▶ [WHAT YOU SHOULD DO]: Please return the full listing exactly as written, with the images removed.

▶ [RAW DATA]:
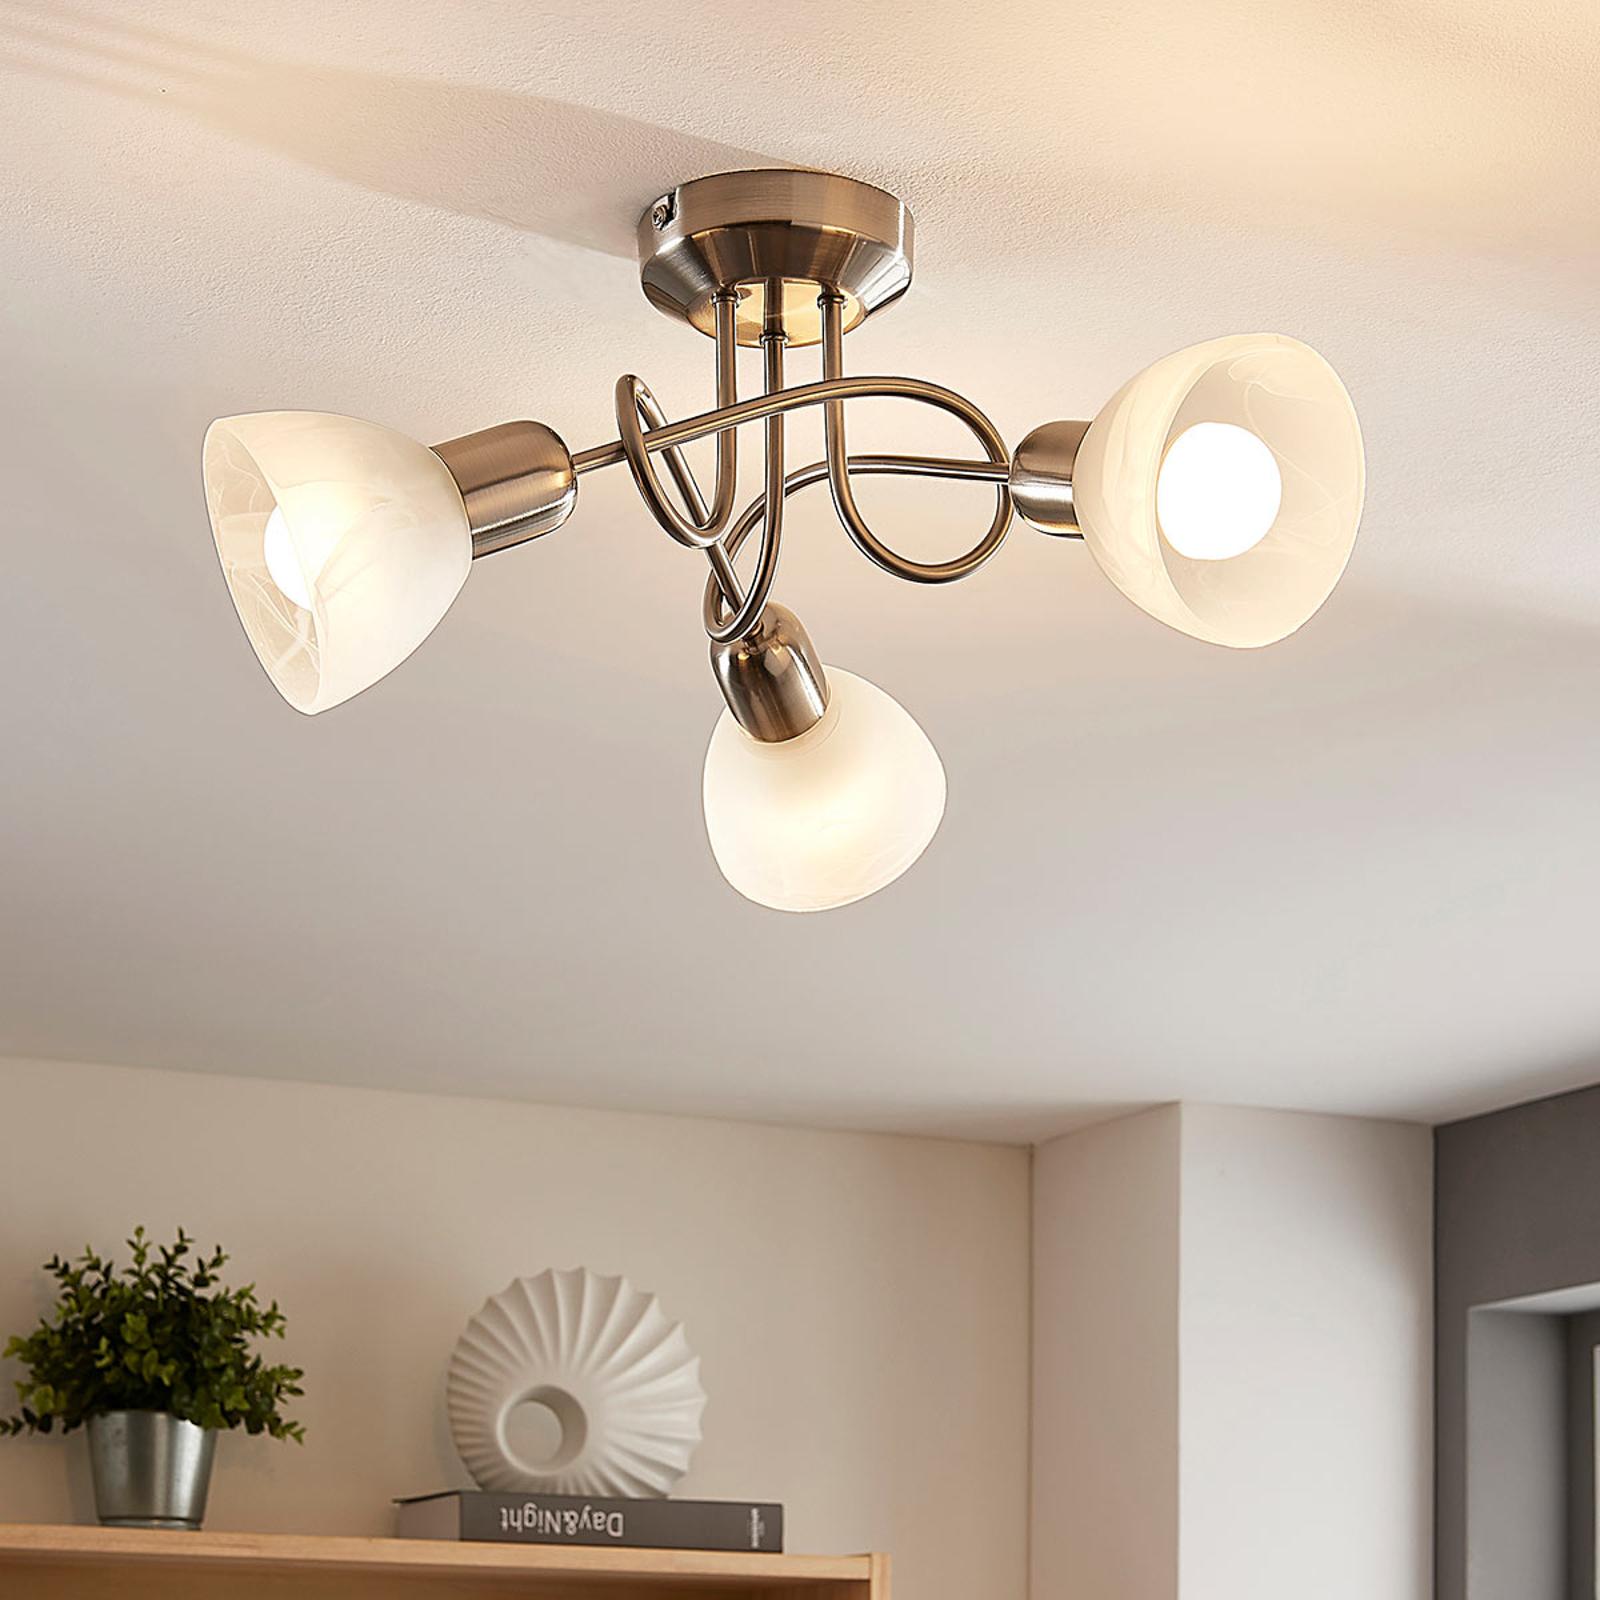 Lindby Paulina LED ceiling lamp, 3-bulb, round_9621642_1
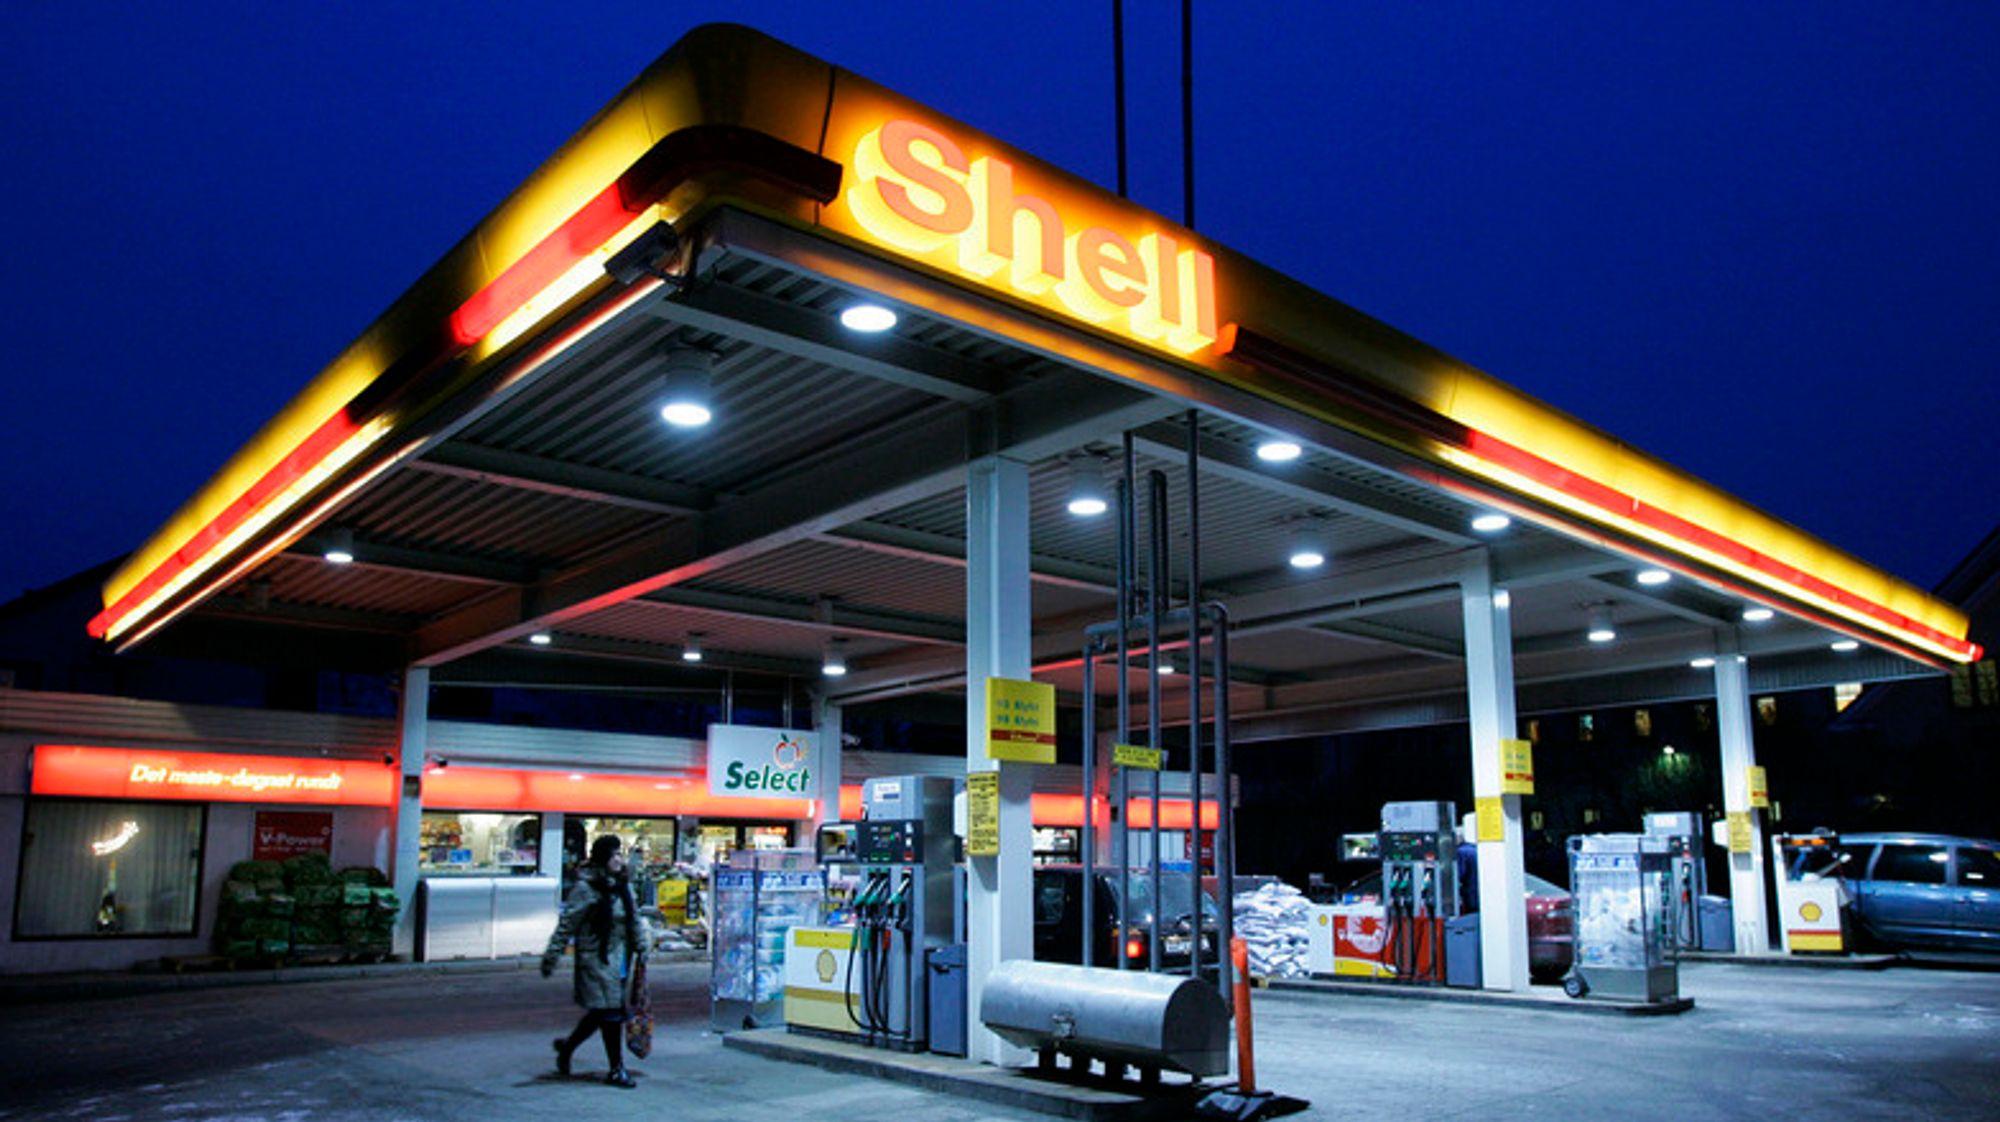 Bensinstasjonen vil måtte endre seg når alternative drivstoff tar over.
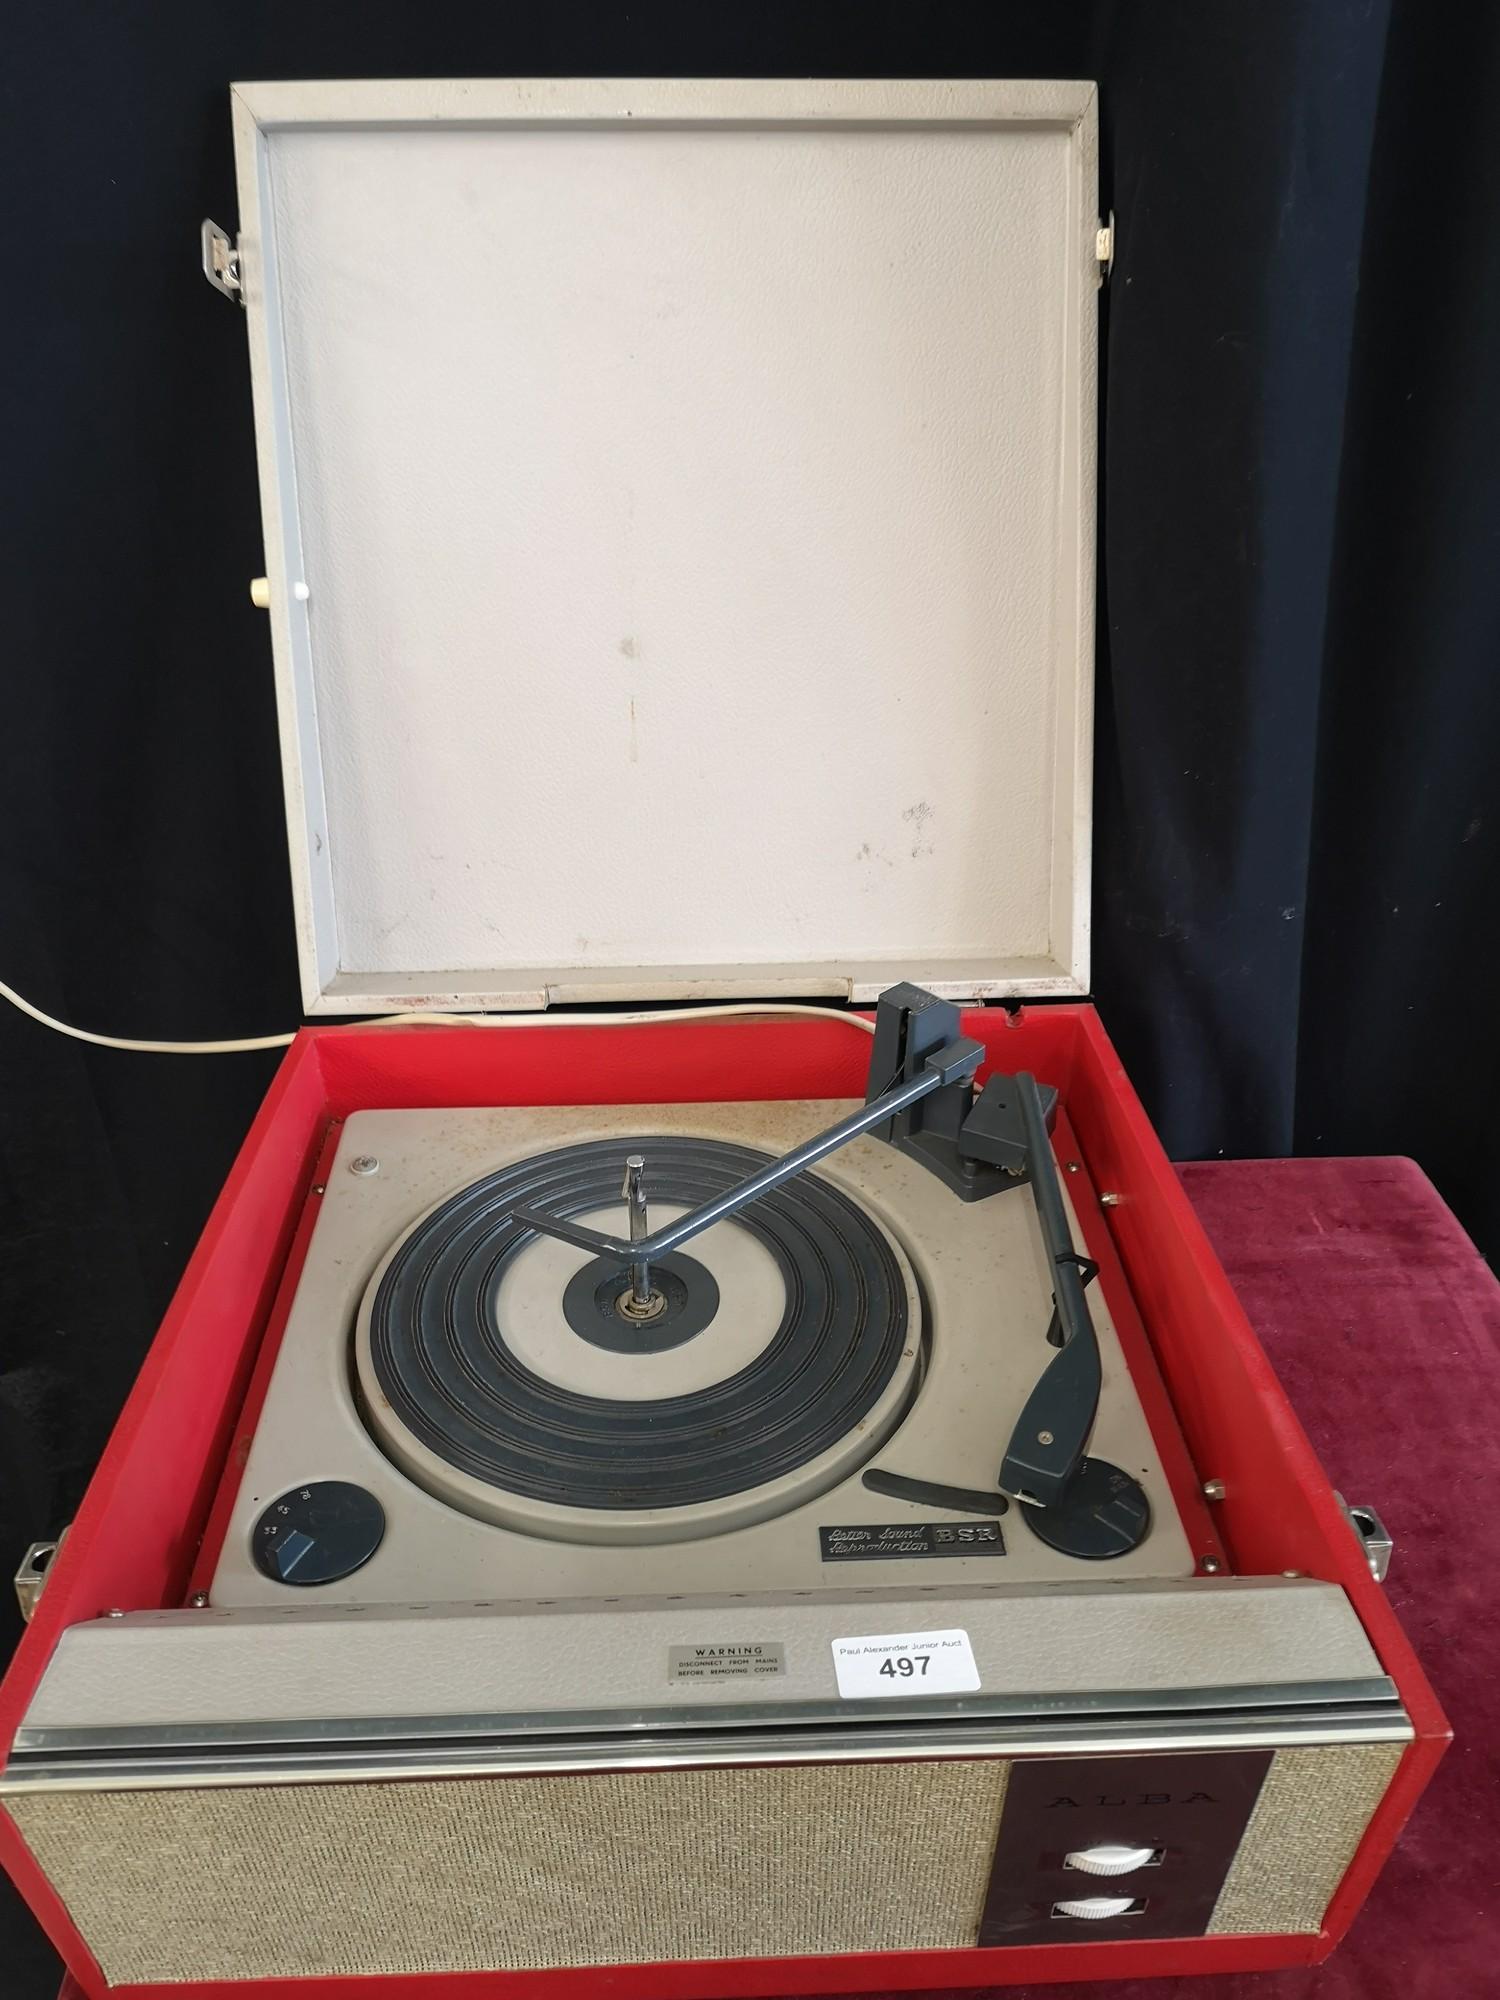 BSR vintage turntable. Turns on. - Image 2 of 2
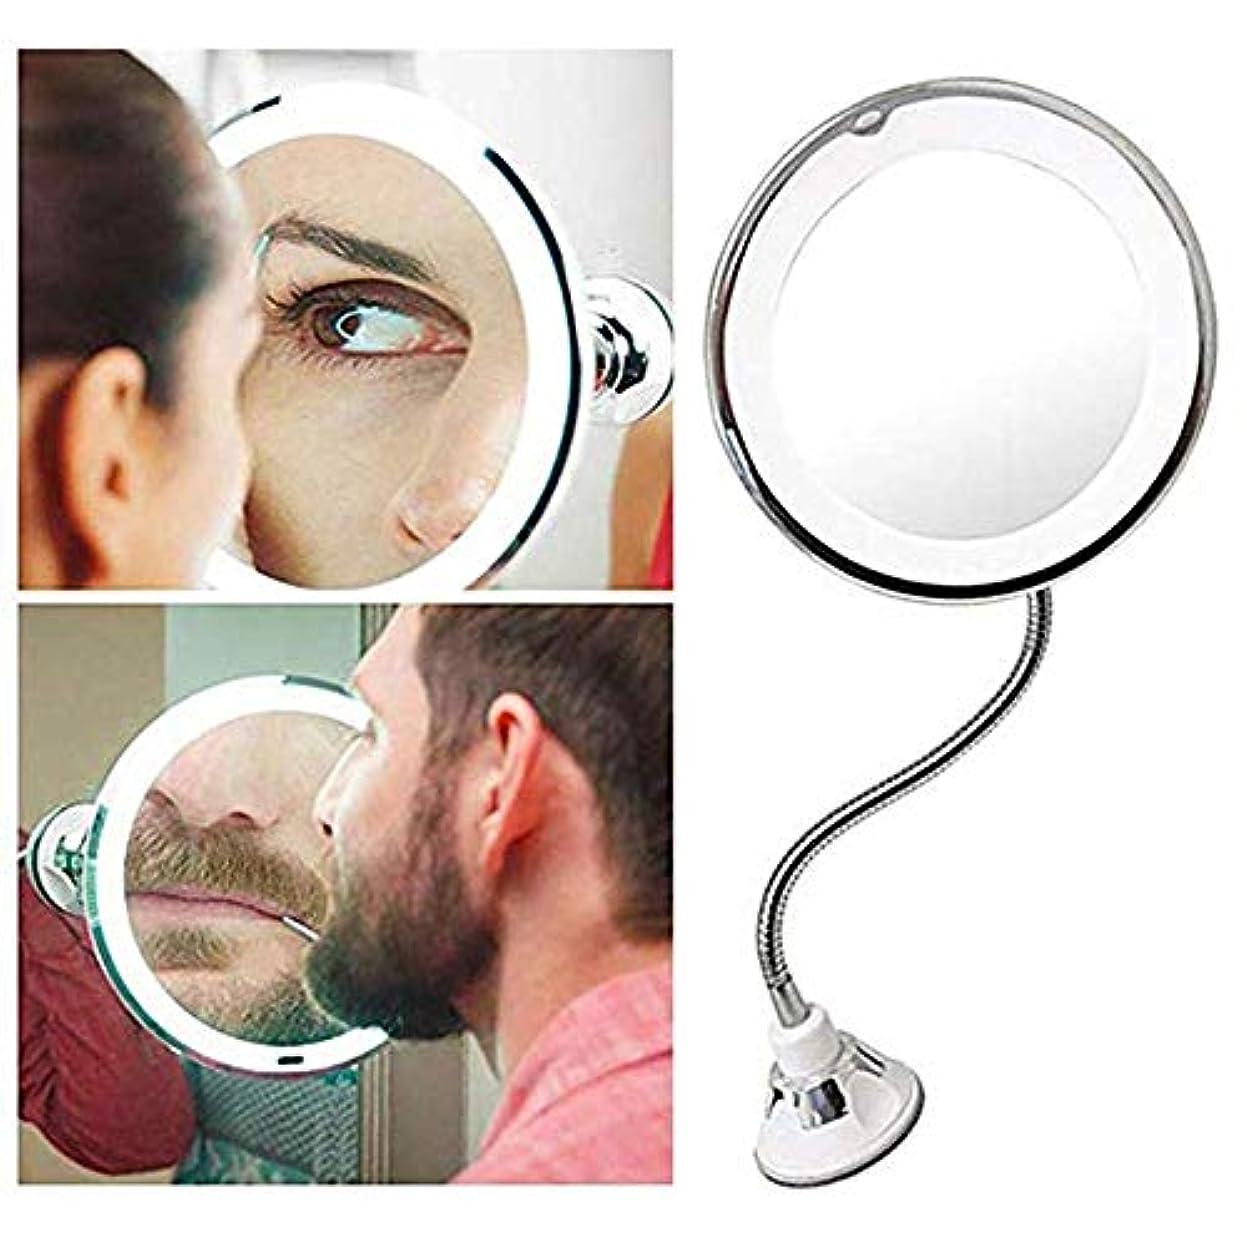 尊厳観光ちっちゃい7倍 LED化粧鏡 風呂鏡 吸盤ロック付き 浴室鏡 化粧ミラー 360度回転 メイクミラー LUERME 吸盤ロック付き 化粧ミラー シャワーミラー 鏡面直径17CM

▶ [WRITTEN RESPONSE]:
 Lindby Paulina LED ceiling lamp, 3-bulb, round_9621642_1
 Bensinstasjonen vil måtte endre seg når alternative drivstoff tar over.
 BSR vintage turntable. Turns on. - Image 2 of 2
 尊厳観光ちっちゃい7倍 LED化粧鏡 風呂鏡 吸盤ロック付き 浴室鏡 化粧ミラー 360度回転 メイクミラー LUERME 吸盤ロック付き 化粧ミラー シャワーミラー 鏡面直径17CM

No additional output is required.